TASK GOAL
Beneath this sentence is a listing. Return its lines from the one containing "Pretend it's not" through the last, exactly, and omit the pictures.

PROVIDED MATERIAL
* * *
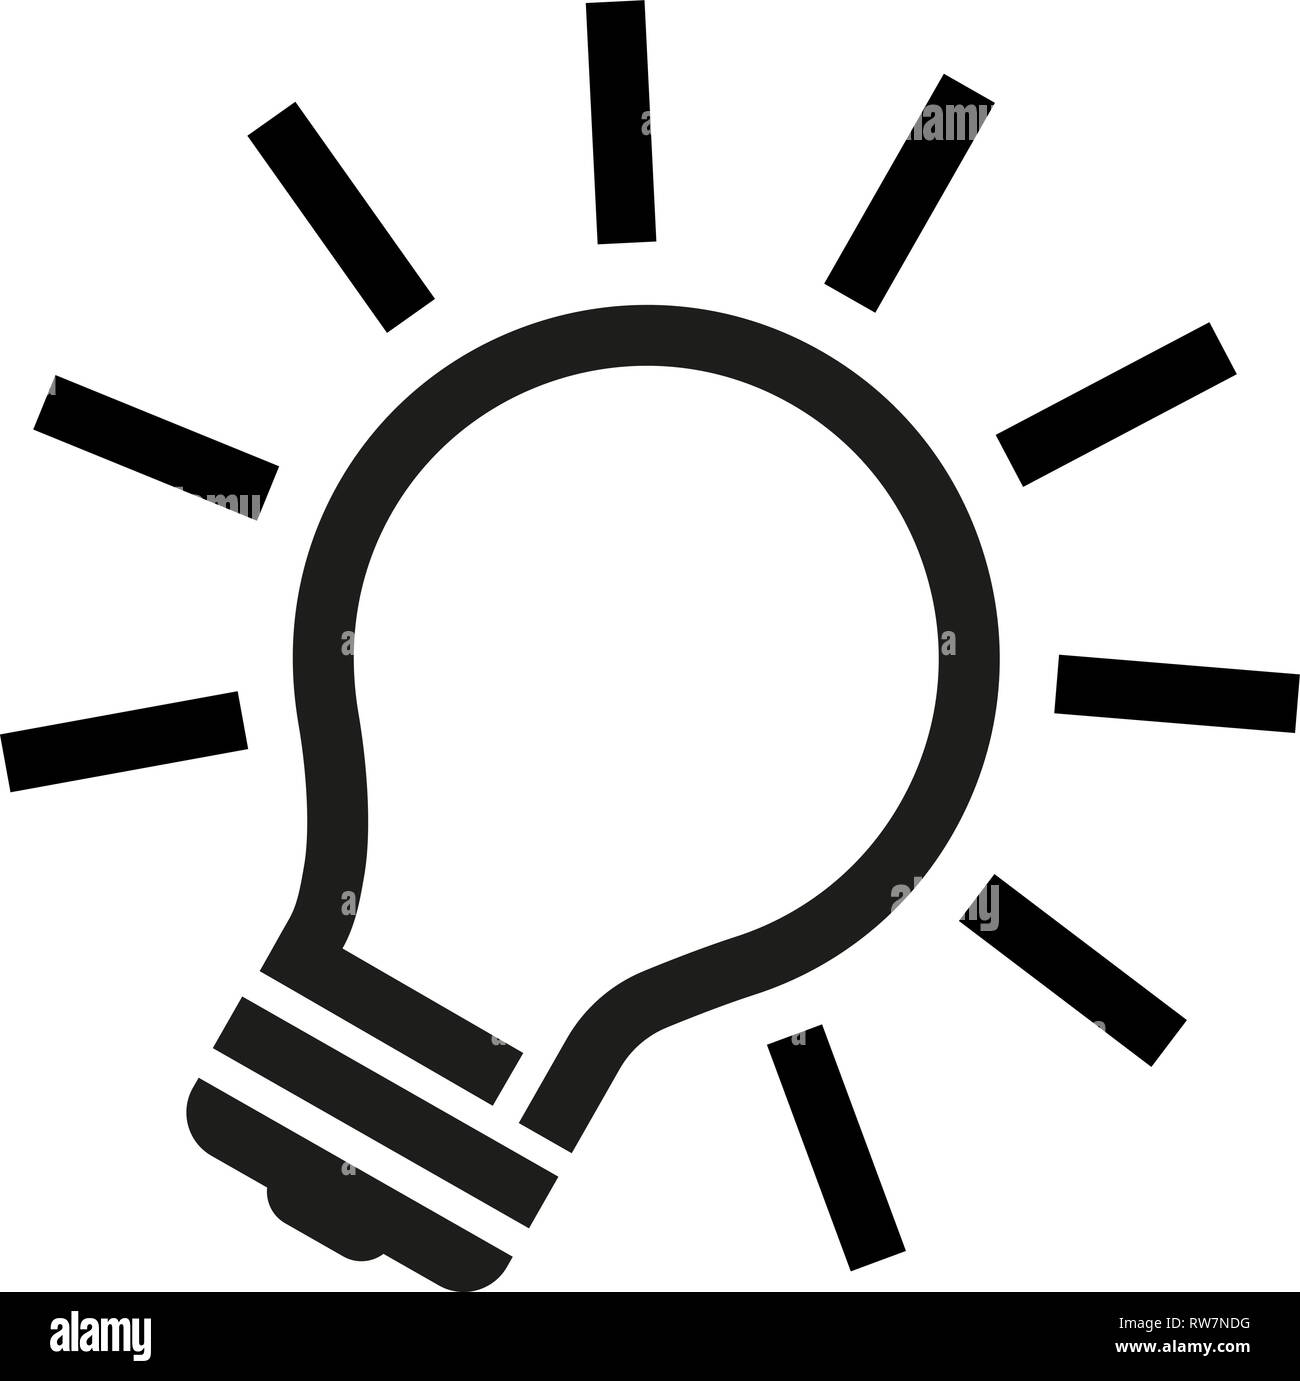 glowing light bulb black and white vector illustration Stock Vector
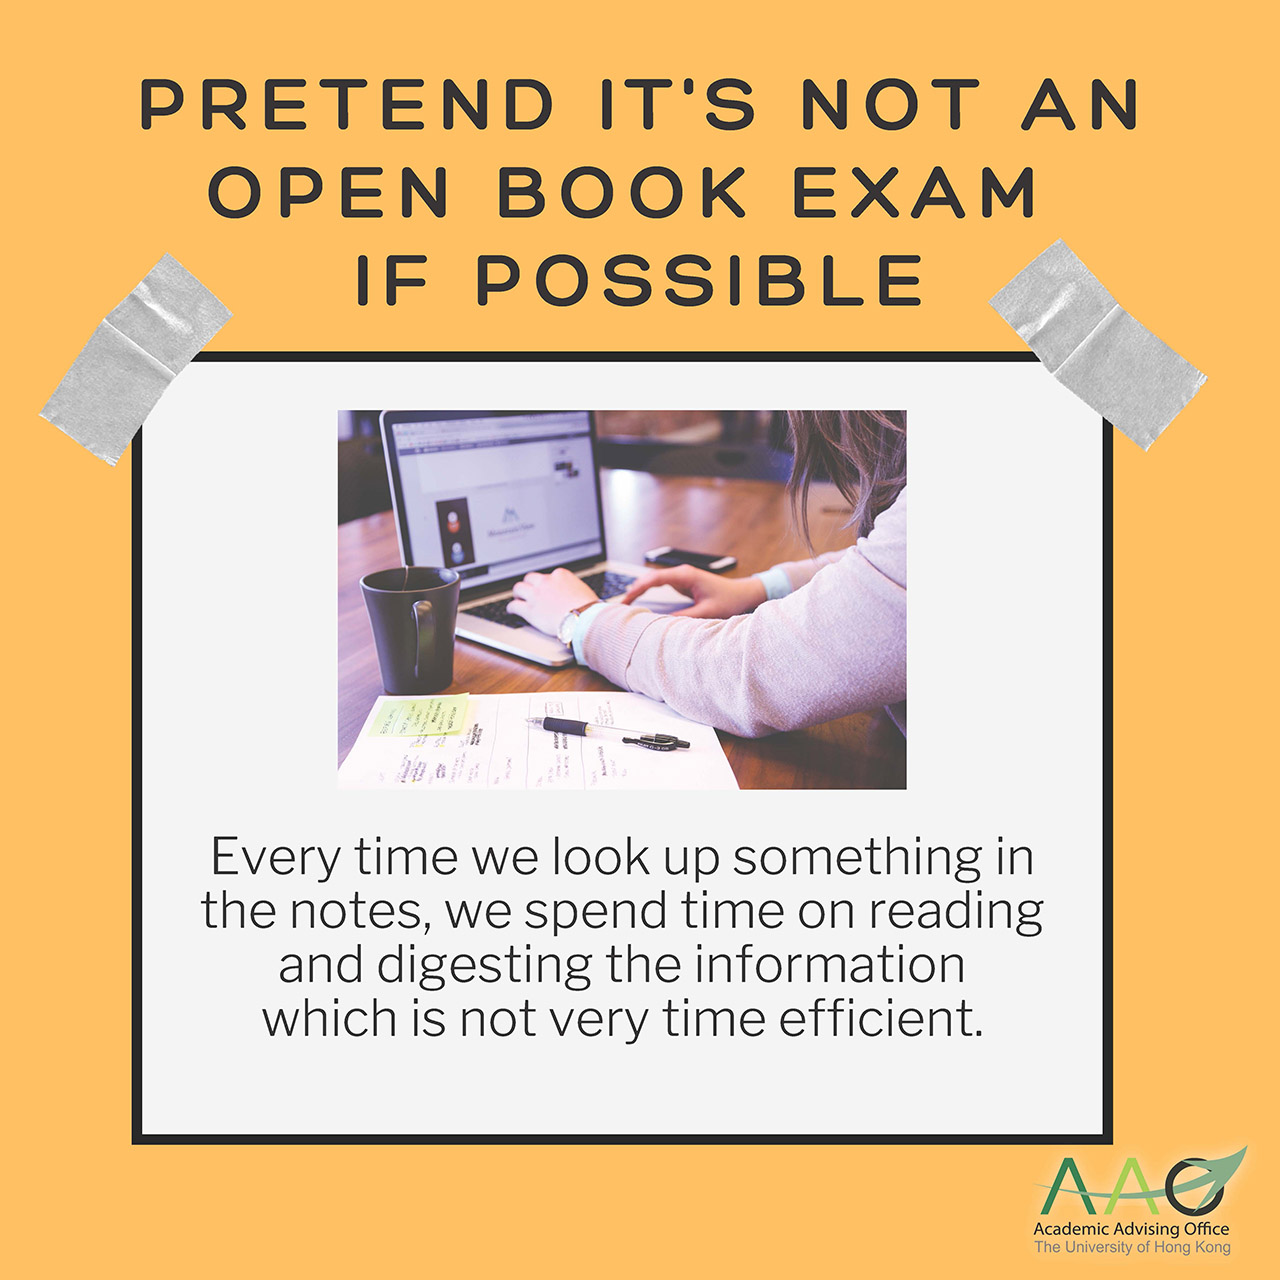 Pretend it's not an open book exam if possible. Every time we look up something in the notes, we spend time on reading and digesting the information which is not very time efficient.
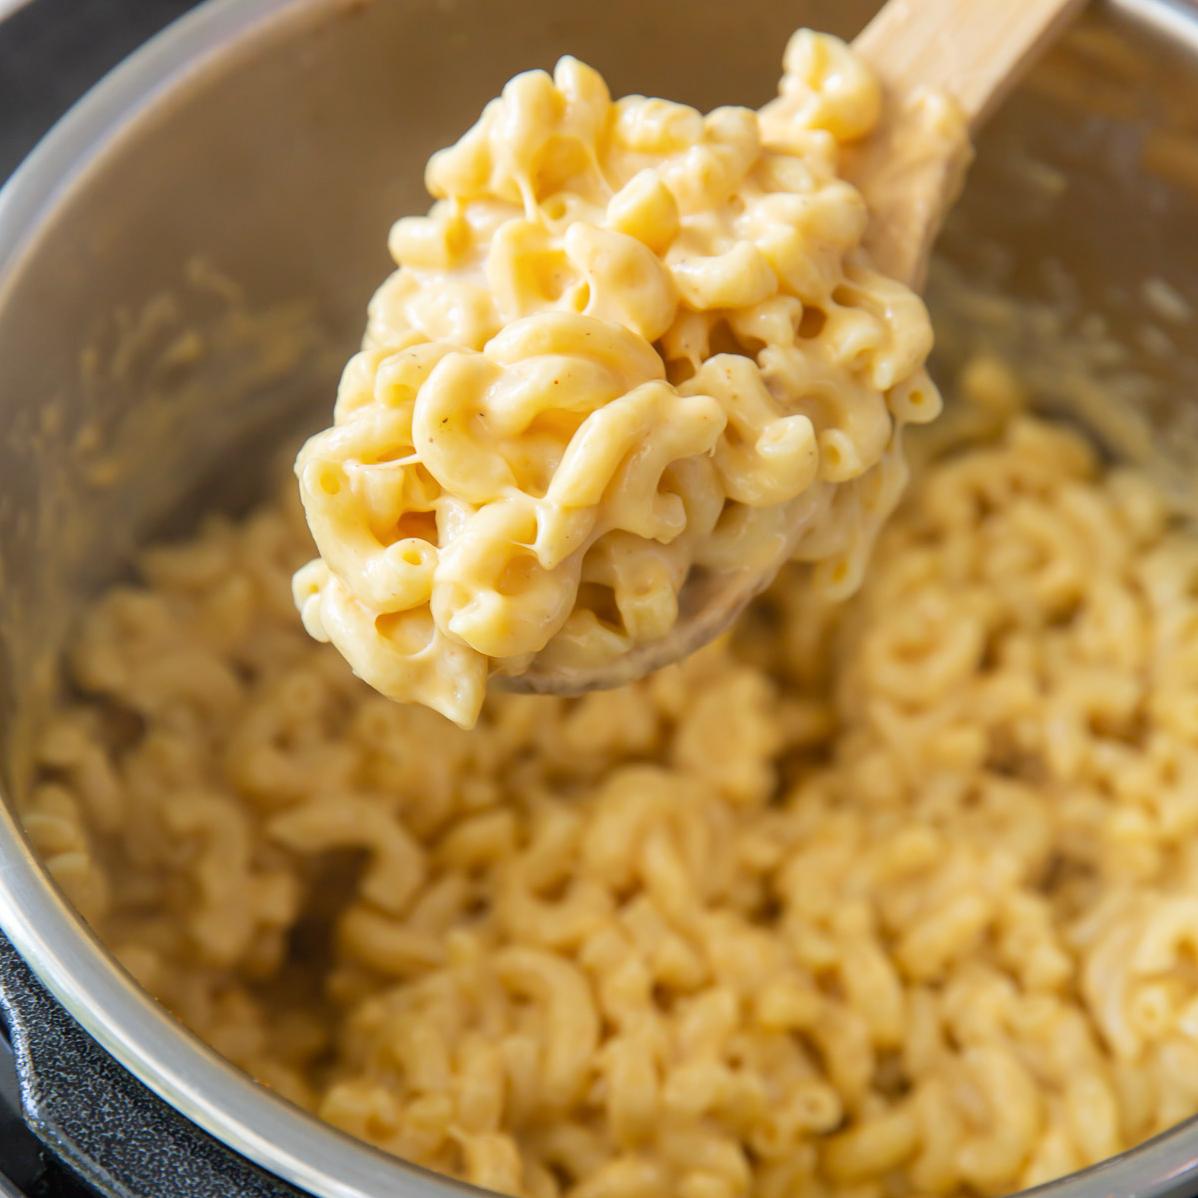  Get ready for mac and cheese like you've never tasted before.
* * *
OUTPUT BELOW
 Pretend it's not an open book exam if possible. Every time we look up something in the notes, we spend time on reading and digesting the information which is not very time efficient.
  Get ready for mac and cheese like you've never tasted before.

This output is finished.